:: ABOUT THIS TASK ::
Quote from the first line below through the line that contains "1977 ⭐ - Neufs", both included, and leave the pictures out.

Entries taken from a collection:

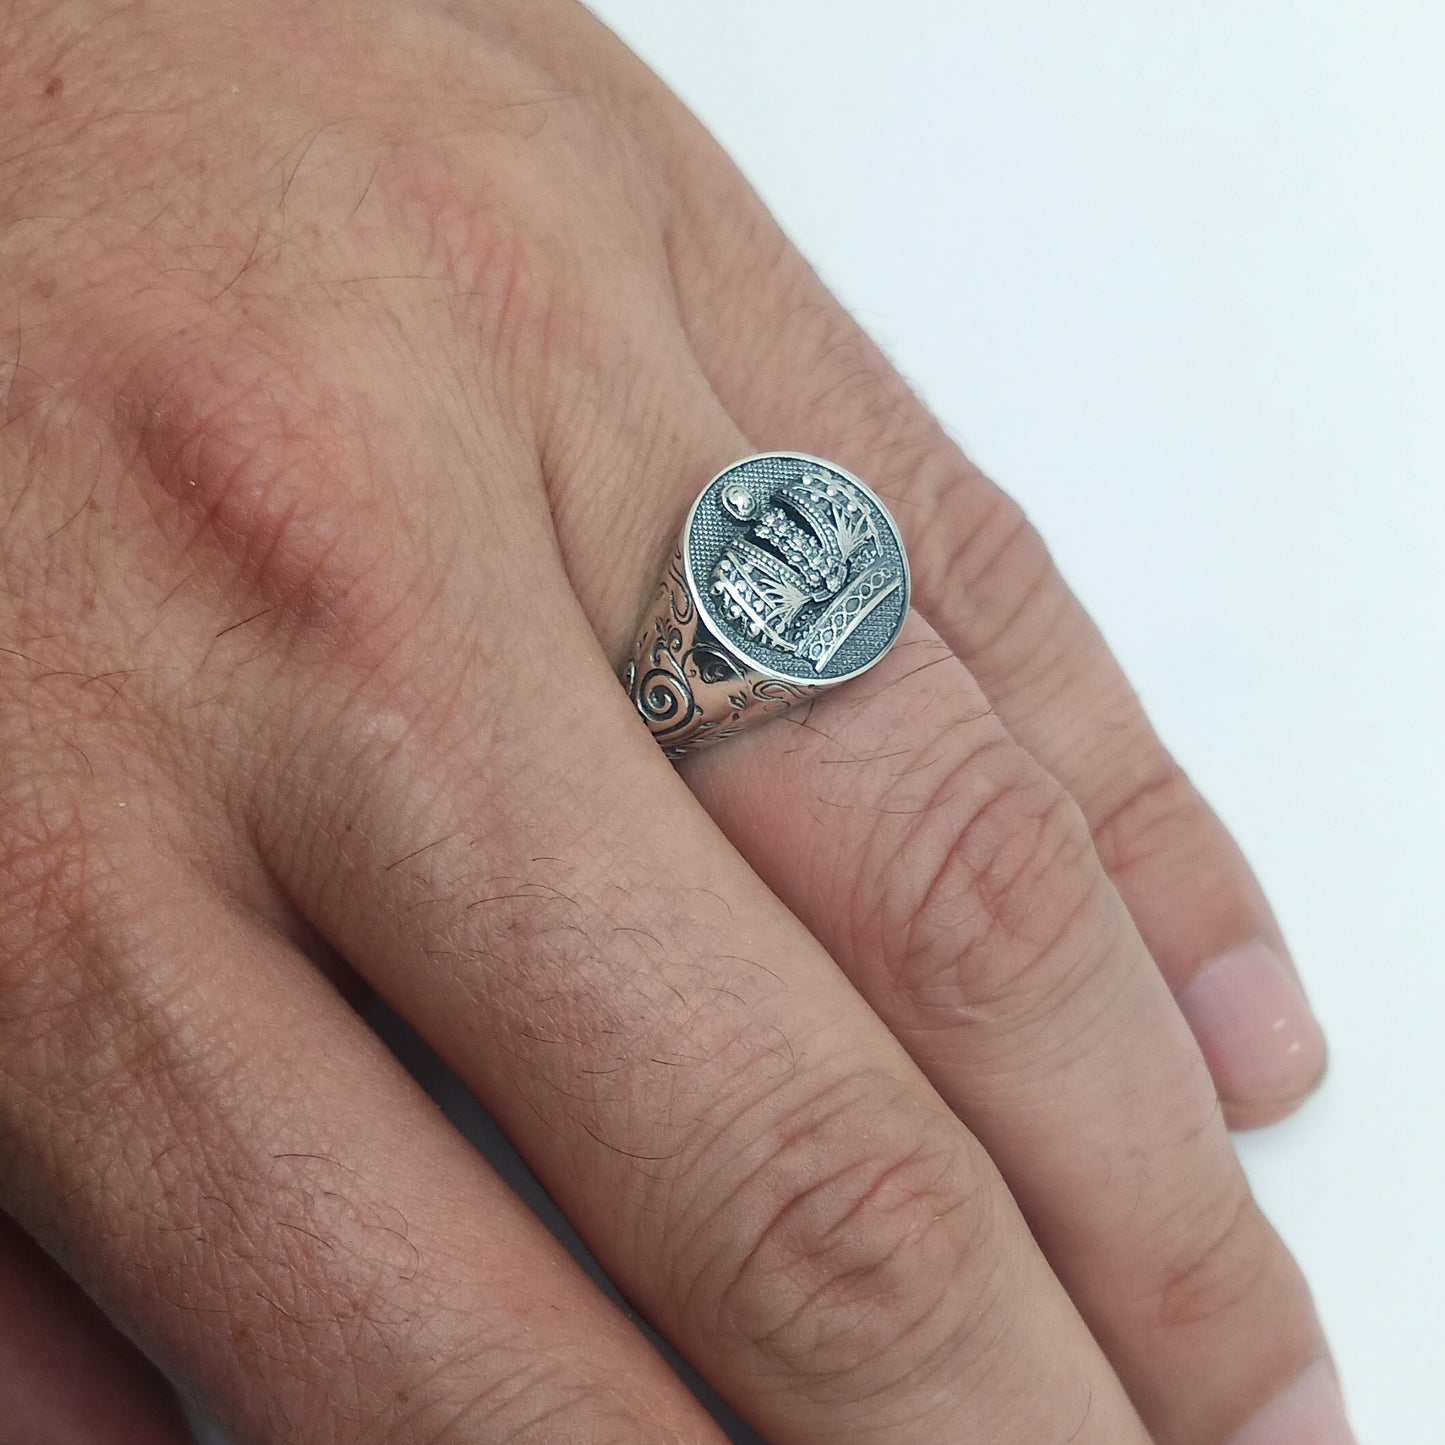 Heraldik Krone und Muster Sterling Silber 925 Herren Ring Signet
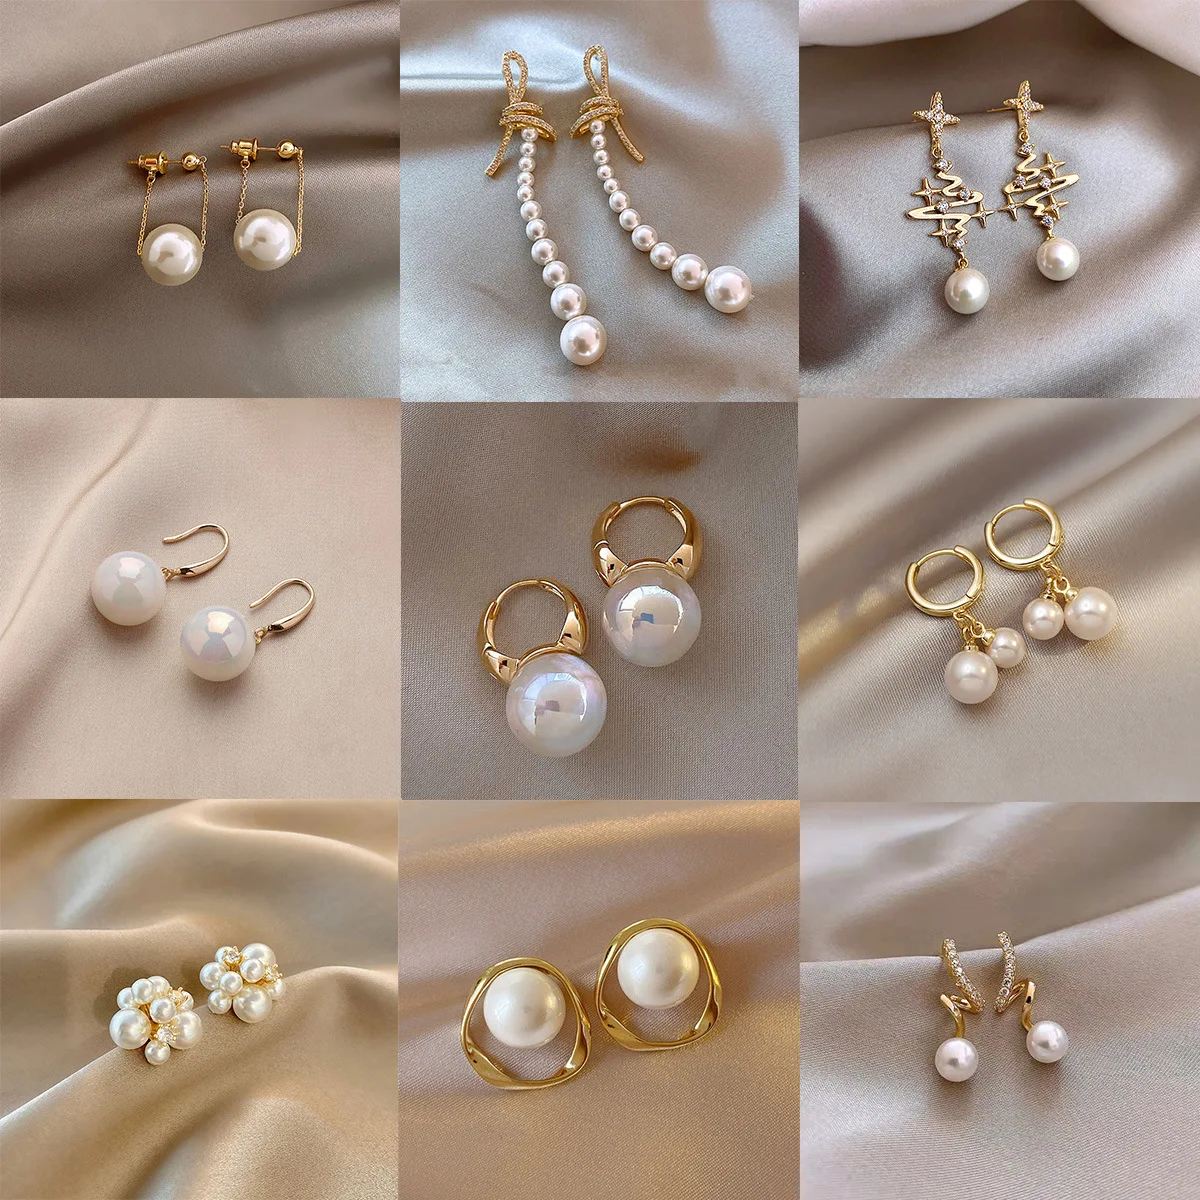 Pearl Earrings Colorful Mermaid Ji Flower Long Tassel Earring For Personality Women Gold Color Ear Buckle Fashion Jewelry Gifts
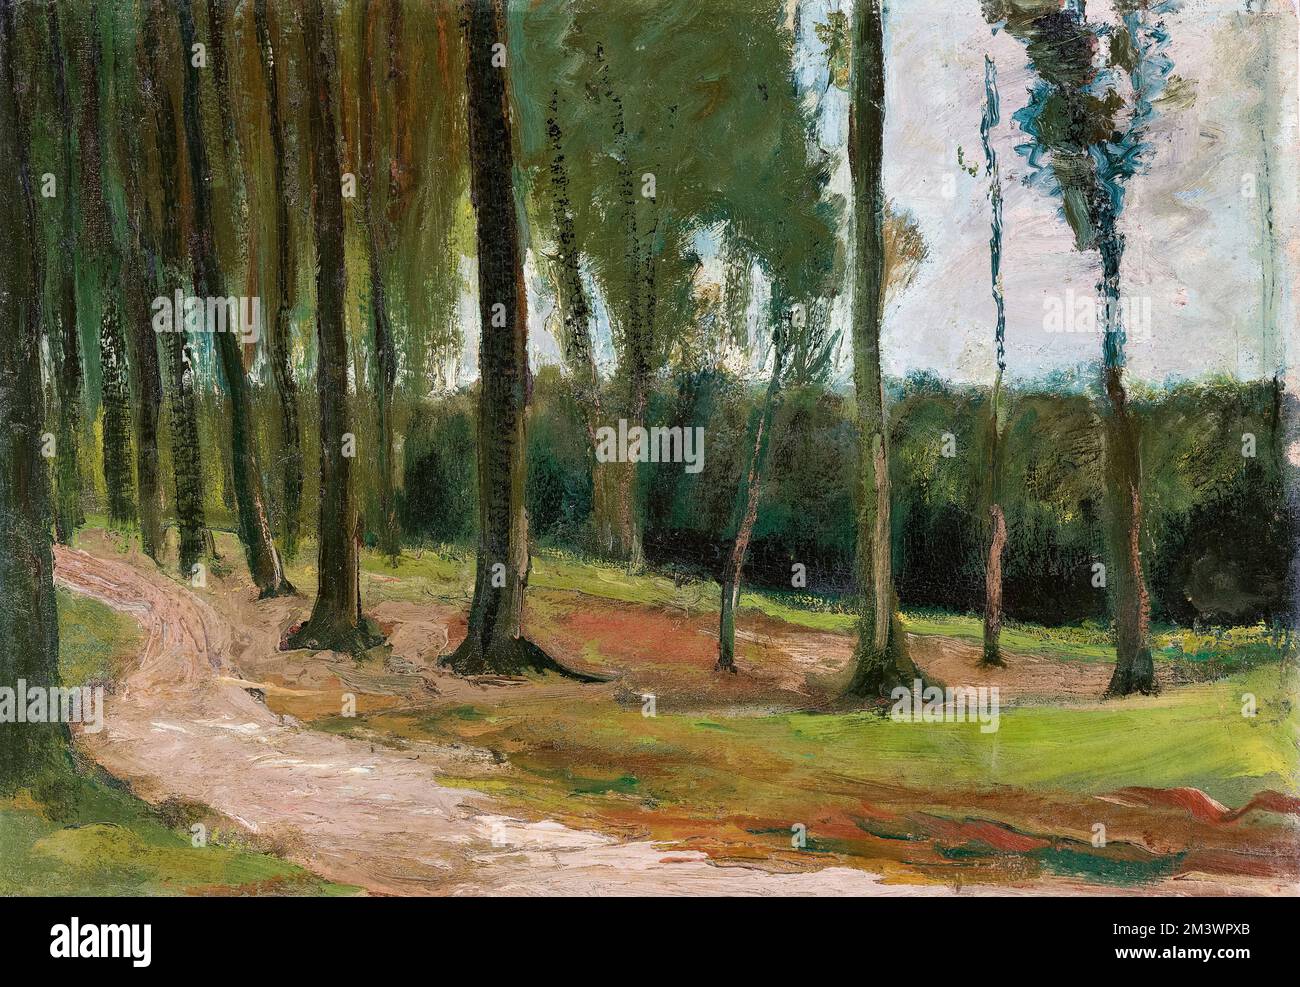 Vincent van Gogh, bord d'un bois (bord de forêt), peinture de paysage à l'huile sur toile, 1882 Banque D'Images
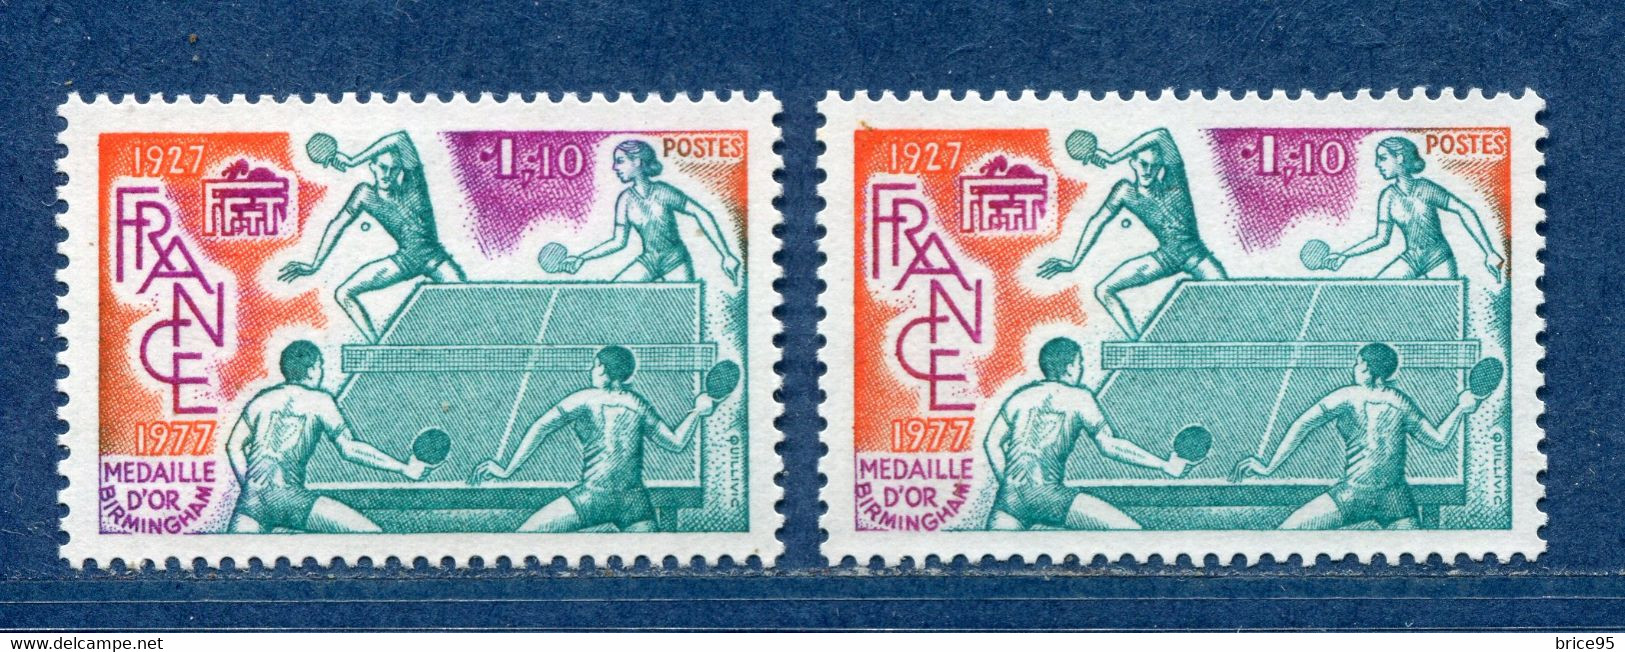 ⭐ France - Variété - YT N° 1961 - Couleurs - Pétouille - Neuf Sans Charnière - 1977 ⭐ - Neufs
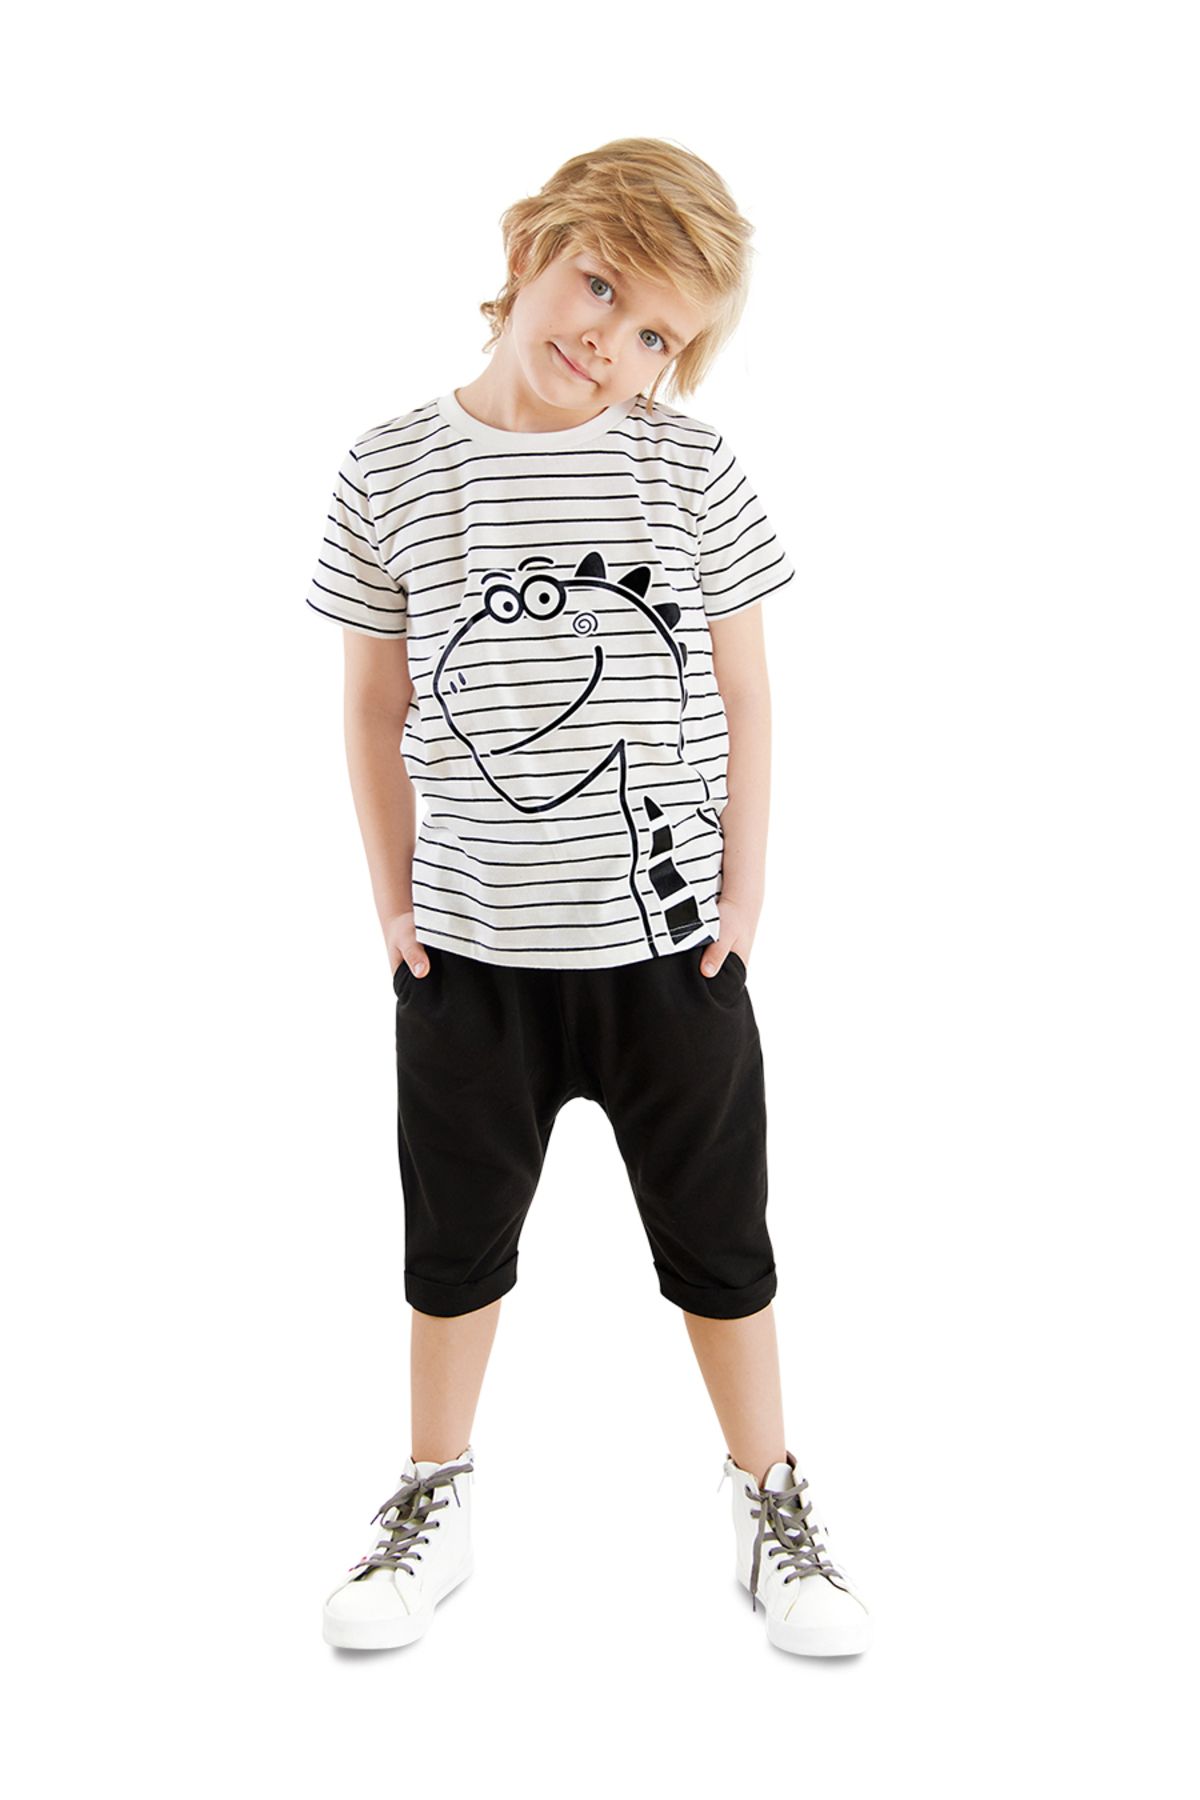 Denokids Sevimli Dino Çizgili Erkek Çocuk Yazlık T-shirt Kapri Şort Takım

:: FINISHED EXERCISE ::
 Heraldik Krone und Muster Sterling Silber 925 Herren Ring Signet
 Pearl Earrings Colorful Mermaid Ji Flower Long Tassel Earring For Personality Women Gold Color Ear Buckle Fashion Jewelry Gifts
 Vincent van Gogh, bord d'un bois (bord de forêt), peinture de paysage à l'huile sur toile, 1882 Banque D'Images
 ⭐ France - Variété - YT N° 1961 - Couleurs - Pétouille - Neuf Sans Charnière - 1977 ⭐ - Neufs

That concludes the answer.